The money will be paid to staff of all levels who commit themselves to working at the restaurant after completing a trial period.
The staff package, created in response to a lack of chefs coming through the restaurant kitchen’s doors, also includes private health insurance, a pension fund, and access to a research and development (R&D) budget of around £37,000 a year.
The monthly R&D fund starts at £250 for a commis chef and chef de partie, rising to £500-£1,000 for head chefs and even higher for the restaurant manager and sommelier. Staff are free to use the budget how they wish to sample other restaurants, patisseries and bakeries, and can accumulate the money to pay for trips abroad.

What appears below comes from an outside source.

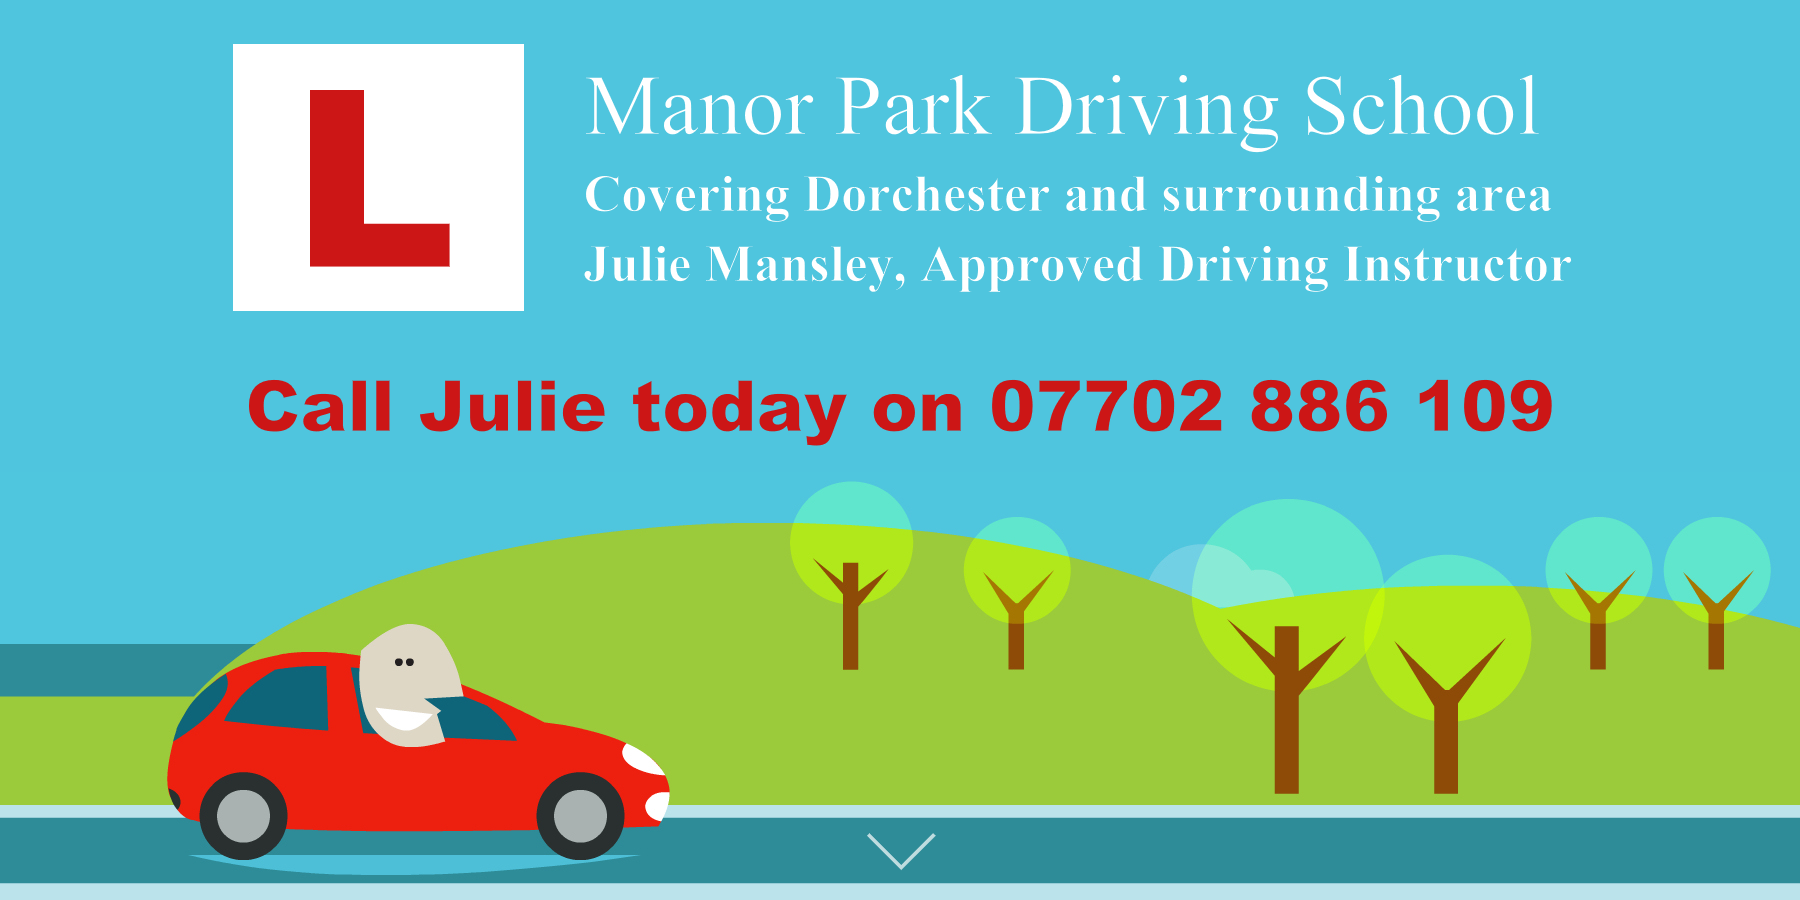 Manor Park Driving

So far this year, chefs have used the budget to eat at The Ledbury, in Notting Hill, and next month a sommelier and patissier are flying to New York to eat at Eleven Madison Park, which topped the World’s 50 Best Restaurant list this year.
Gauthier told BigHospitality the cost is around 1% of the fine dining restaurant’s £2.8m yearly turnover, and is tax-free for staff.

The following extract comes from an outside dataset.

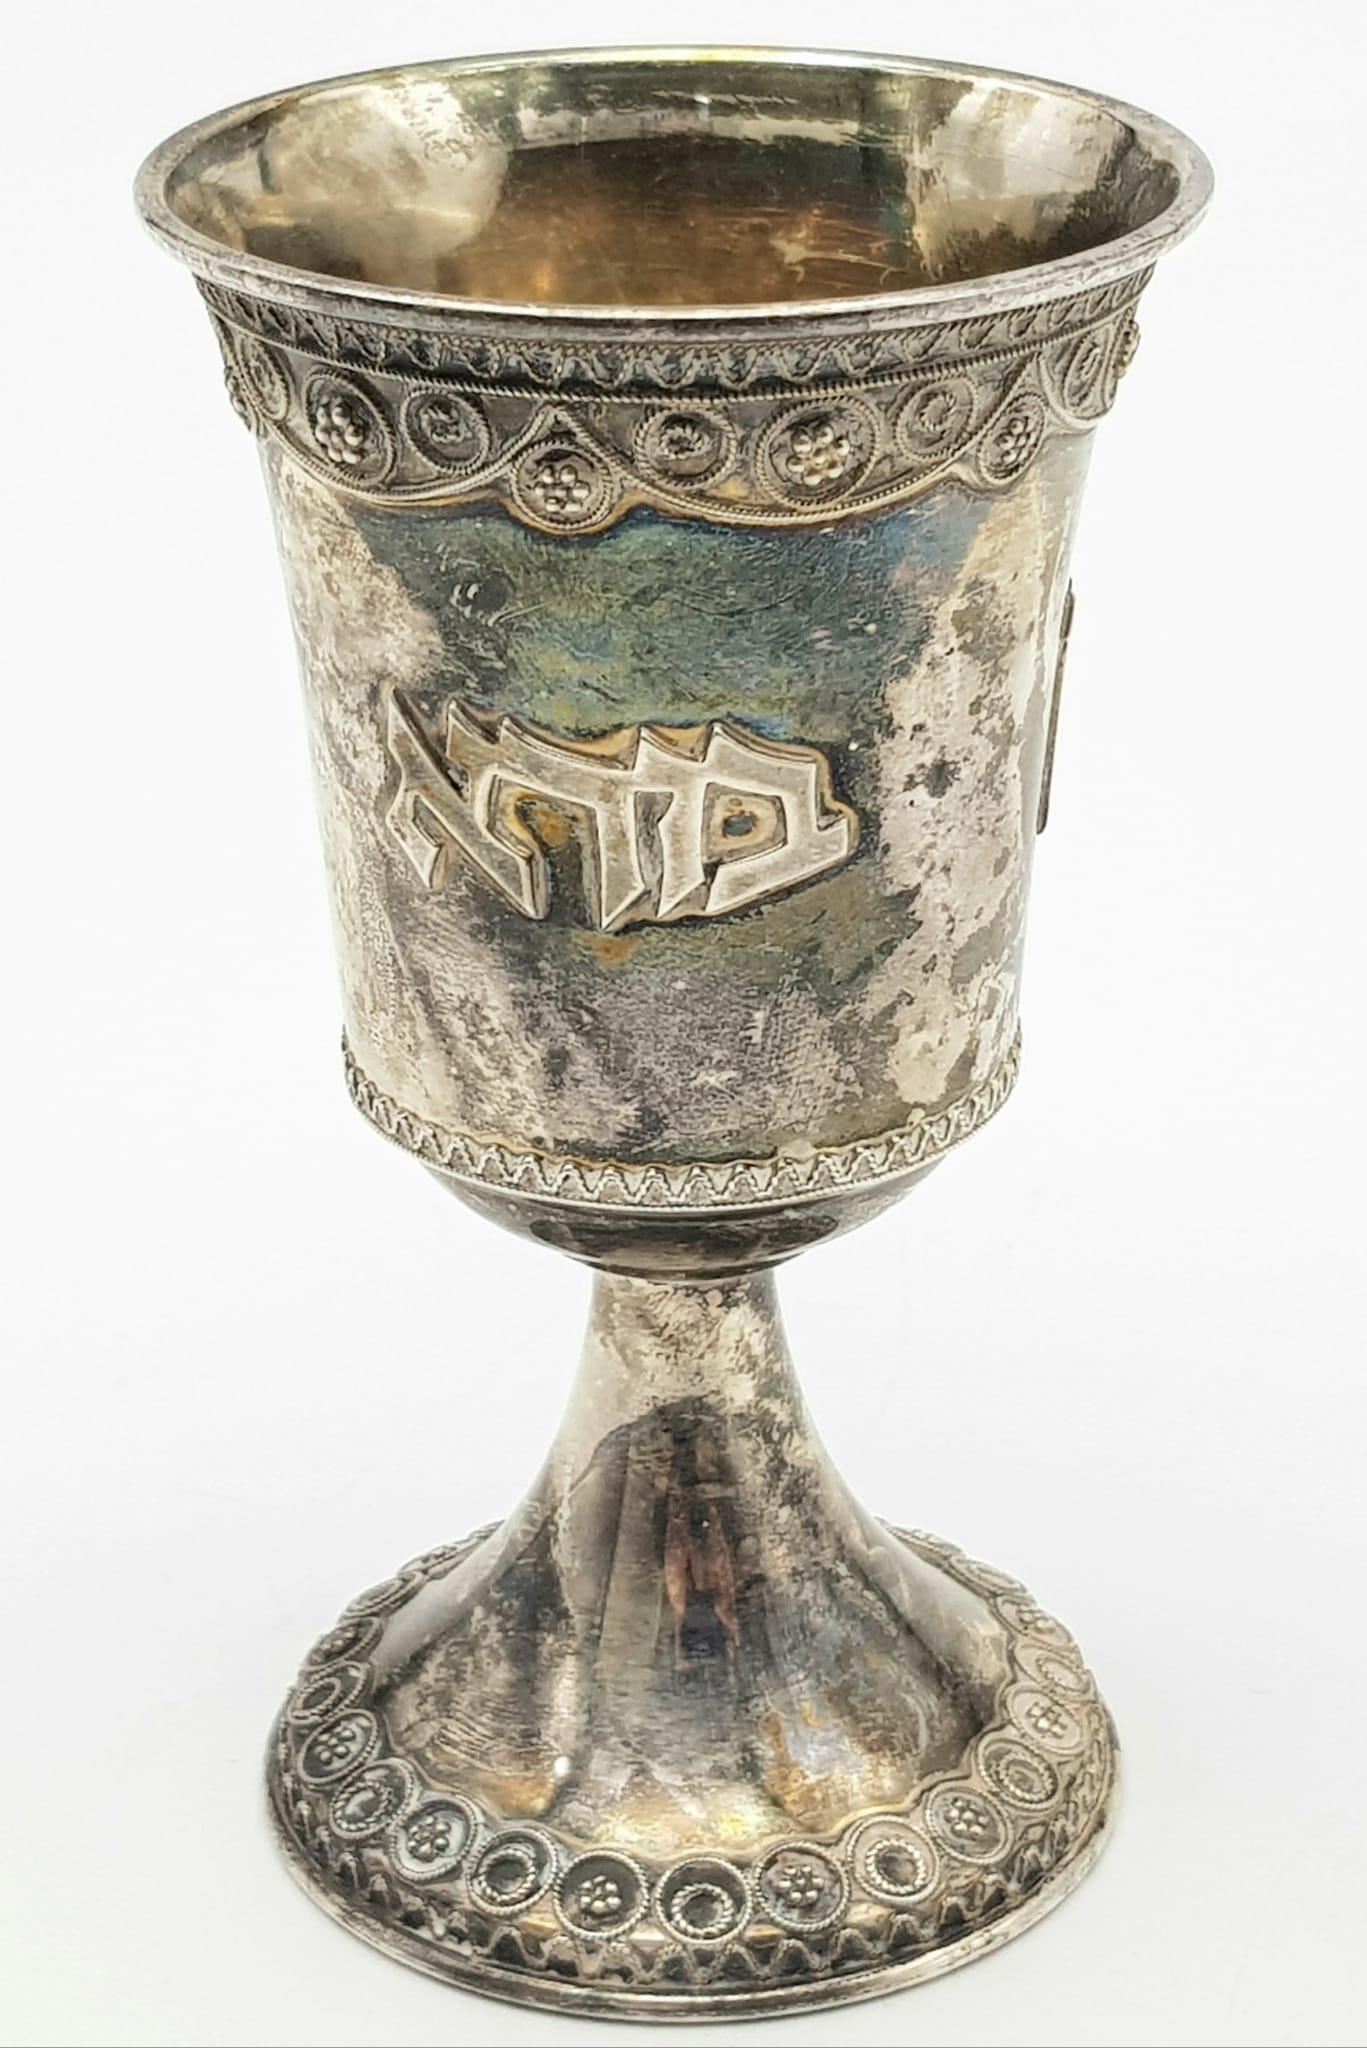 A SOLID SILVER KIDDISH CUP WITH THE BLESSING FOR WINE WRITTEN AROUND IT. 57.8gms 10cms TALL - Image 3 of 7

“Working in London and being on a chef de partie salary is difficult, many of my chefs pay £6-700 a month for rent,” says Gauthier, who believes the hospitality industry needs to offer more financial incentives to attract staff in the current post-Brexit period.
“In such a competitive market it is vital that we are aware of what’s happening in the industry. I need to show them as a employer that they don’t need to worry about finances.”
'There is a lot of money in hospitality'
He claims that after 20 years in London he has never seen restaurants face so much pressure to find staff.
“The customers haven’t stopped coming to the restaurant because of Brexit, but the staff definitely have.
“I can’t put an advert in a French magazine and get 15 CVs from young chefs desperate to come to London [anymore]. The pound is very weak; it’s not attractive to leave your €2,000 a month job in Paris to earn £1,600 a month in London.
“There are a lot more restaurants and head chefs now, but fewer commis or de partie on the market.”
Gauthier, who puts calorie counts on his menus and introduced a permanent vegan tasting menu to Gauthier Soho last year, says that restaurateurs need to be ‘creative as employers’ to convince people already living in London that they can meet the cost of living working in hospitality.
“There is a lot of money in this industry, it’s not the Premier League, but we need to show that the money is there to make the offer more exciting to people. No one can ever say that money won’t excite people.”
Despite the tough outlook, he believes the situation will improve in the next few years.
“I don’t think we should worry too much about the future as the British are very pragmatic,” says Gauthier.
“I think what [the Government] wants to do is find chefs from afar and bring them here on a two-year visa, so the future will not be as troublesome as it is now.
“We are in a toxic period at the moment, but the future may be brighter.”